Duru..
Duru...
Duru....
Yorgun gözlerimi zorlukla araladım.
"Duru beni duyuyor musun?"
Gözlerim karanlığa alıştığı anda, tam bitişiğimdeki iki orman beni kendine hapsetmişti.
"Duru," dedi Nefes bir kez daha.
Hiçbir şey söylemeden gözlerine bakmayı sürdürdüm. Sanki ağzımı açarsam, içimde bir şeyler kopacakmış gibi hissediyordum.
"Kabustu bebeğim," dedi ellerini yanaklarıma yerleştirmeden hemen önce. "Yalnızca bir kabustu."
Dokunuşunun değdiği yerlerden vücuduma ıslak bir soğukluk yayılınca ağladığımı anca o zaman fark etmiştim.
Yatakta yavaşça doğruldum ve kazağımın tersiyle gözlerimi silerken kendime gelmeye çalıştım.

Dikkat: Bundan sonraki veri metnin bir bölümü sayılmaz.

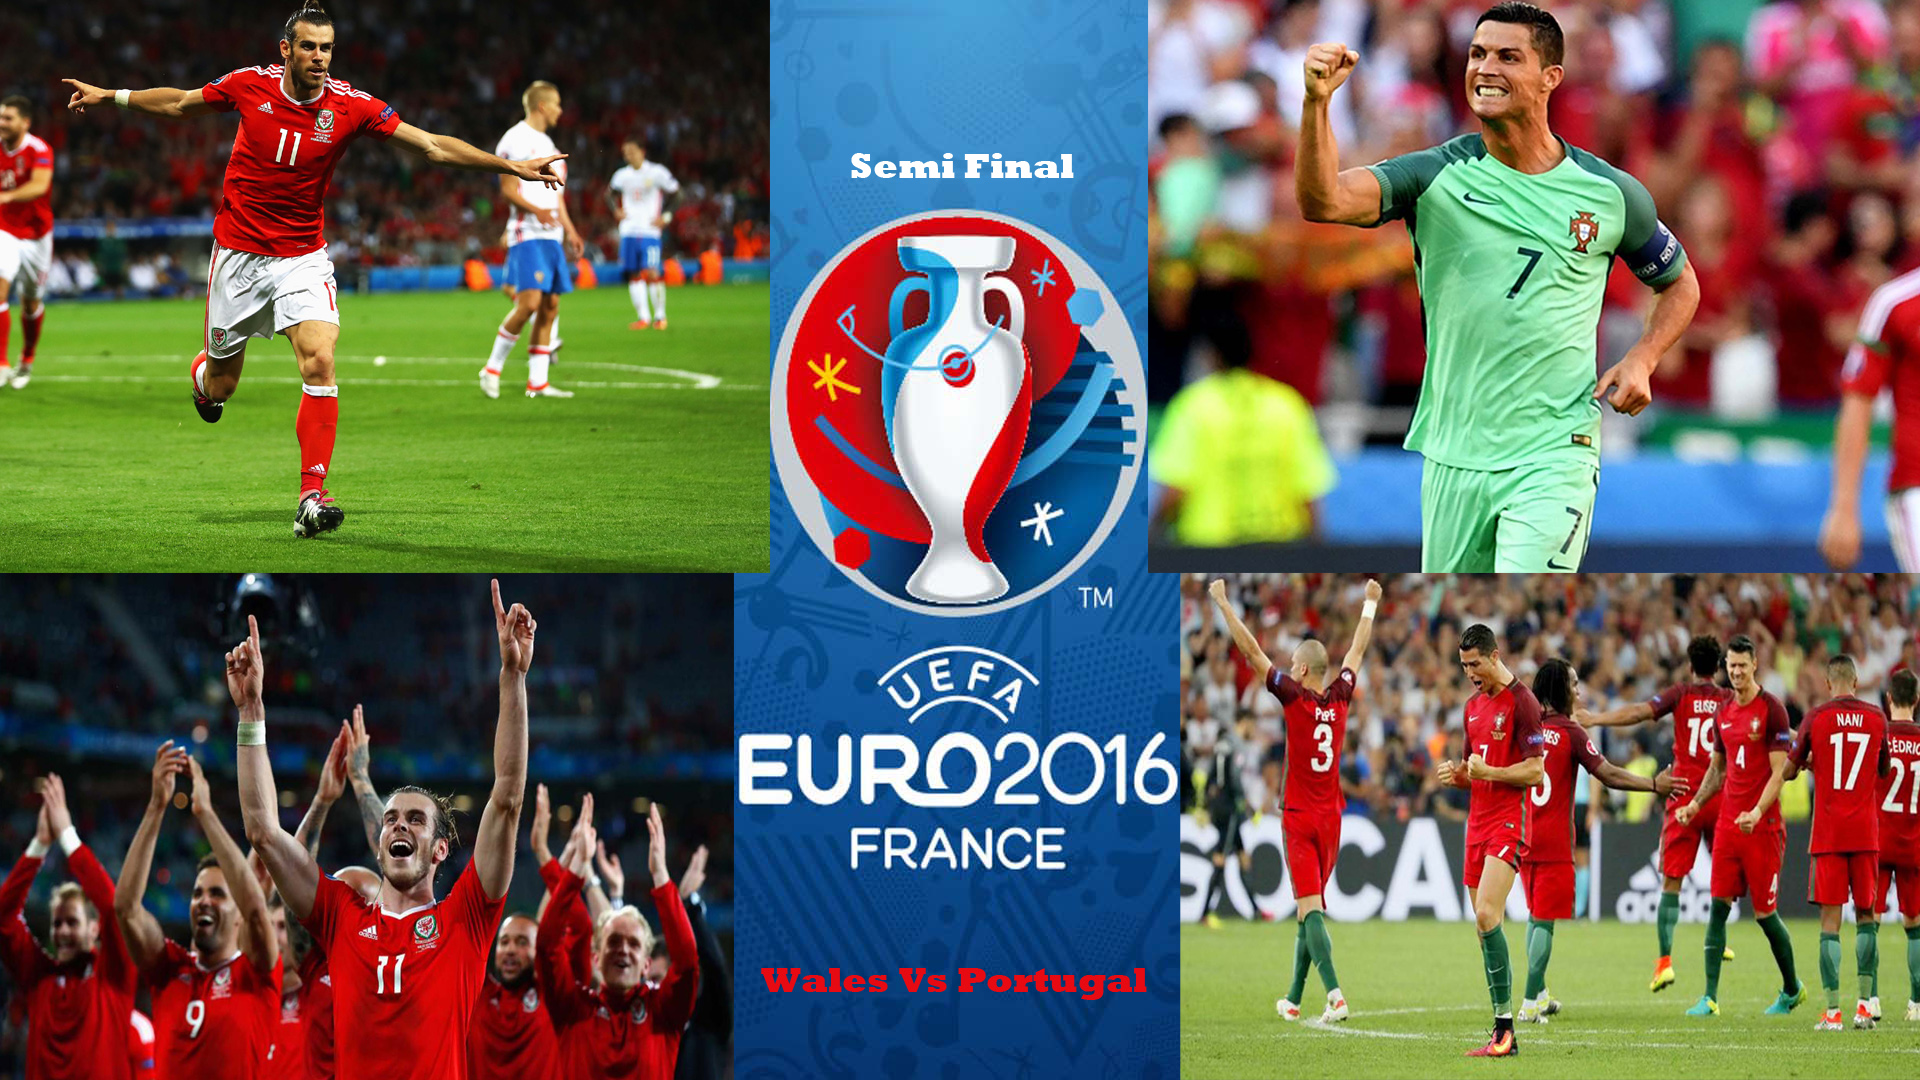 Euro 2016 Semi Final Wales Vs Portugal HD Wallpaper 1920x1080

Nefes'te dikleşip kafamı tuttu ve kendi omzuna yasladı. "Ne gördün?" diye sordu yavaşça yanağımı okşarken.
Derin bir iç çektim.
"Dört yıl önceki kabuslarımın aynısını."
•••
"Türk kahvesi mi yapayım, nescafe mi içersin?" diye sordu Nefes, kafasını balkon kapısından uzatıp. Biraz düşündükten sonra "Nescafe," diye cevapladım sorusunu. "Sütsüz ve şekersiz."
Kafa salladıktan sonra bir süre arkasından baktım. Sonra önümdeki manzaraya döndürdüm boş bakışlarımı.

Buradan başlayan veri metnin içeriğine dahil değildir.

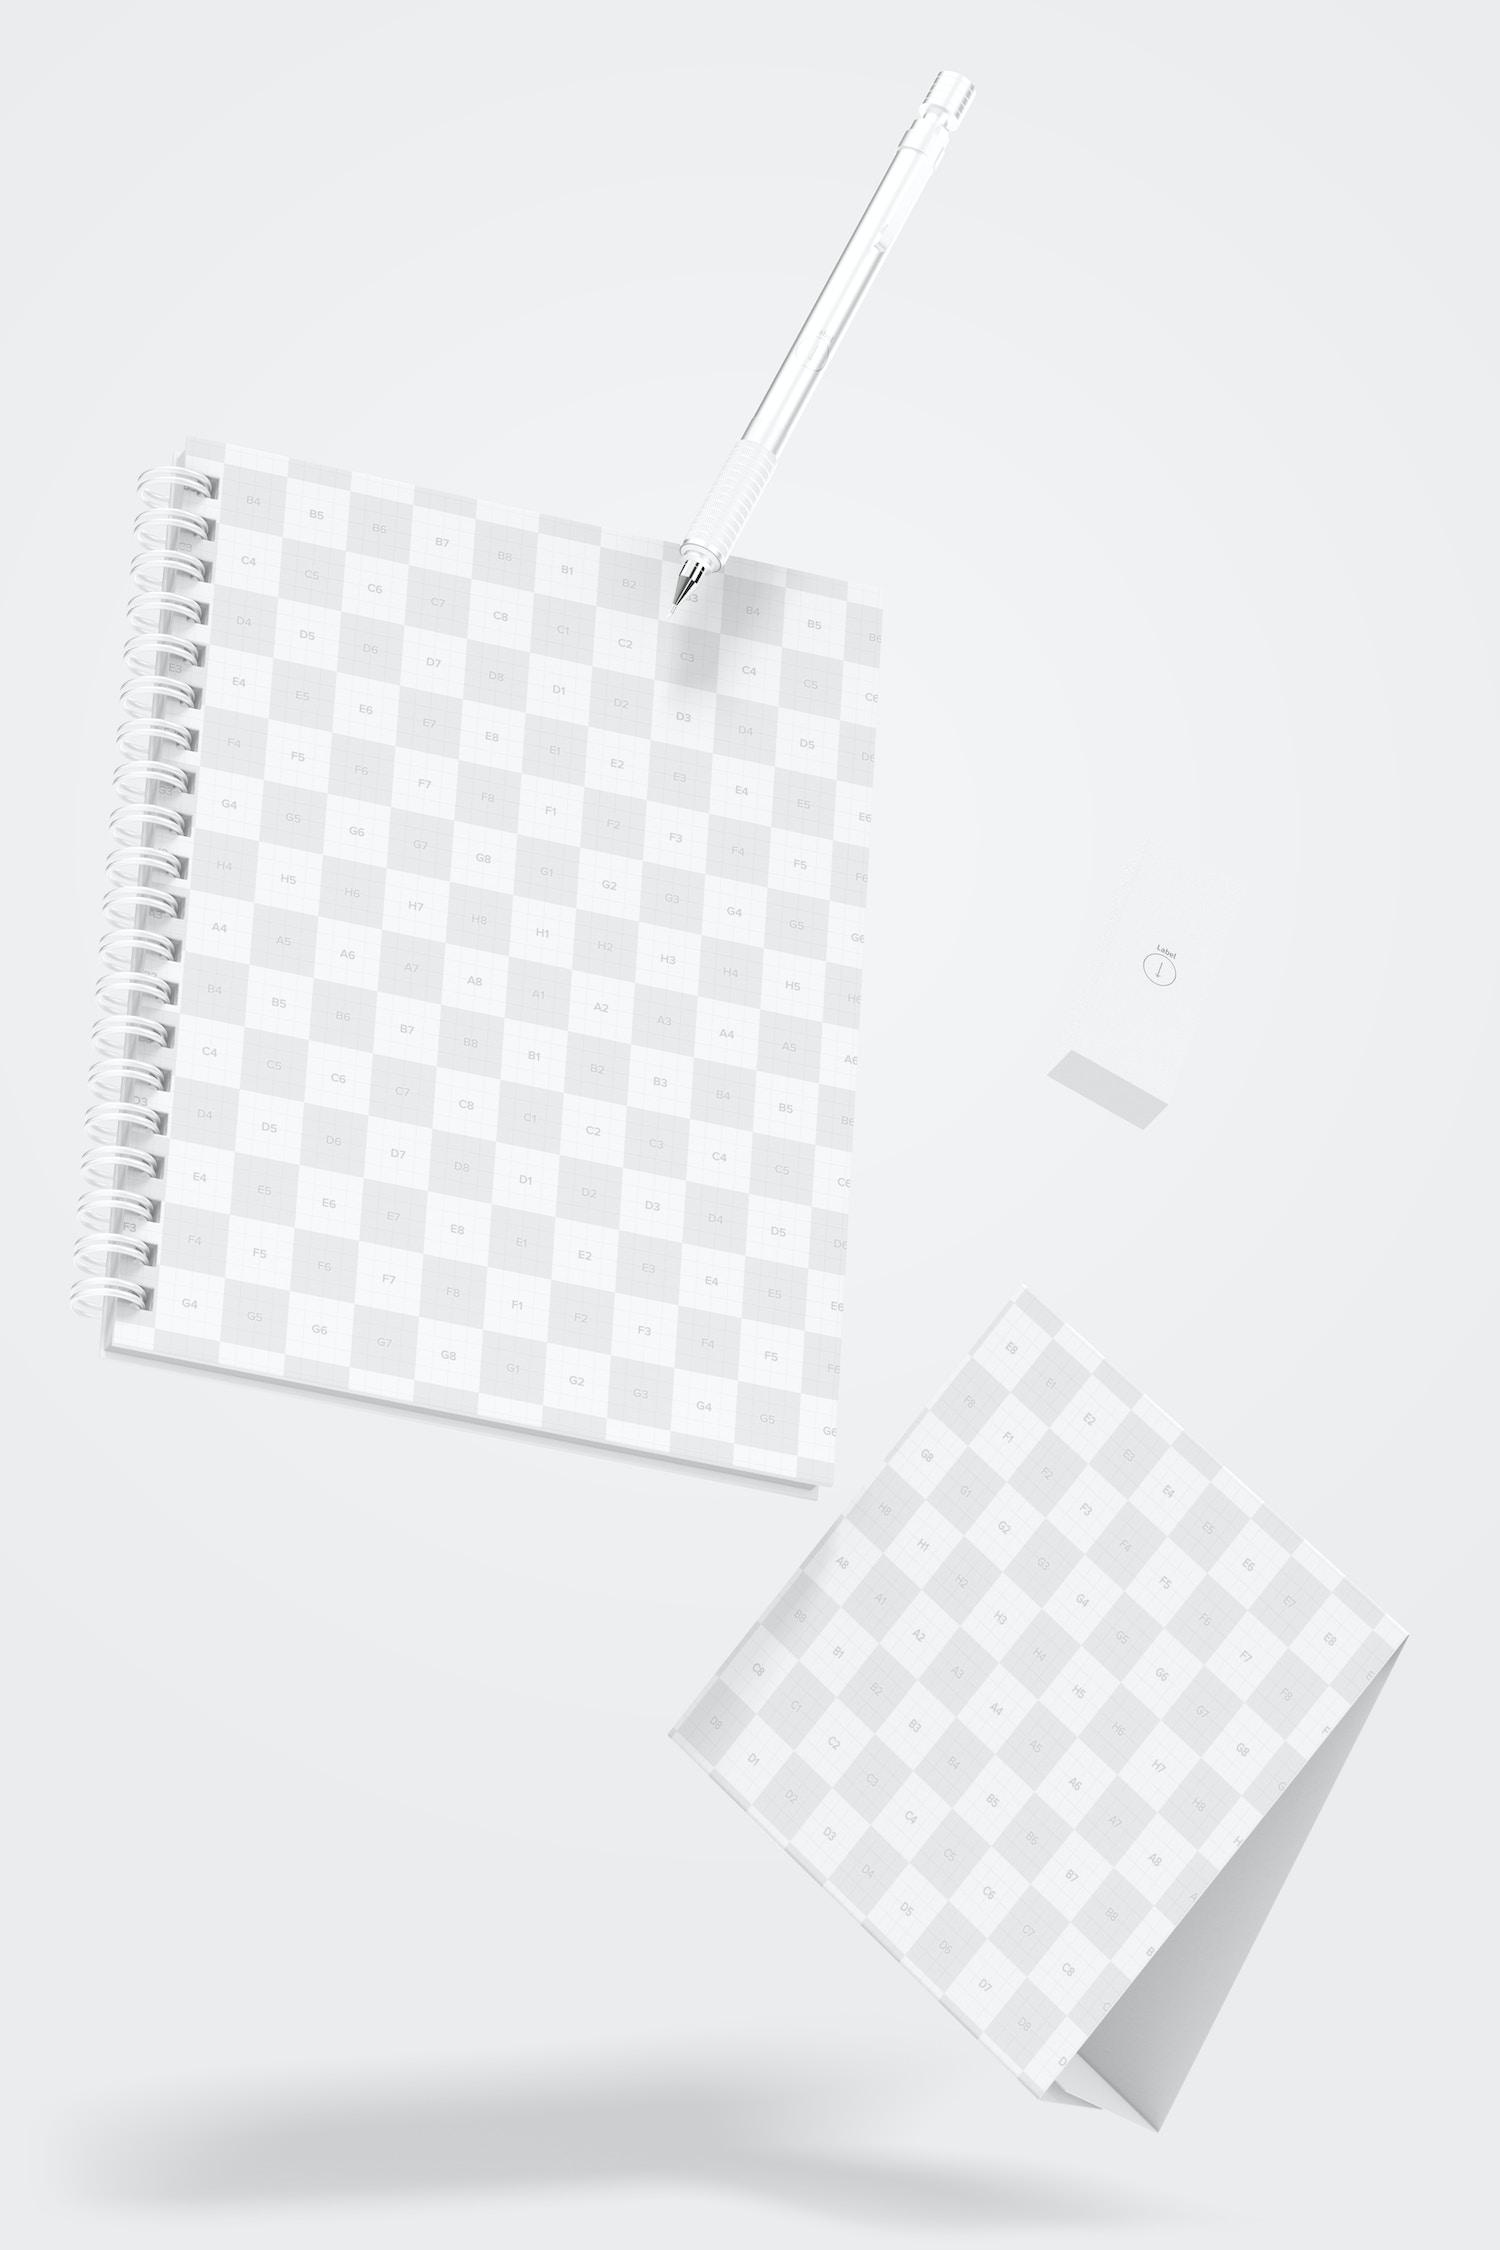 Wire Bound Notepad Scene Mockup, Falling

Hava esiyordu ve üşümüştüm. Yine de kalkıp yatağa dönecek gücü kendimde bulamamıştım.
O kabusları yeniden görmeye başlamak istemiyordum. Levent, eldivenler, intihar ipi... Bunlar benim bir nevi işkencelerimdi.
O zamanlar, her gece çığlıklarla uyanıyor ve sabaha kadar tekrar uyumuyordum. Okuldaki çocuklar göz altlarımdaki morlukları ve torbaları fark ettiklerinde bana "Erken Nine" demeye başlamışlardı. Piç kuruları!
Bunlar üst üste eklene eklene her şeye nefret duymaya başlamıştım.
Okuldan nefret ediyordum.
Evden nefret ediyordum.
Kabuslardan nefret etmiyordum. Onlar artık beni sadece korkutuyorlardı.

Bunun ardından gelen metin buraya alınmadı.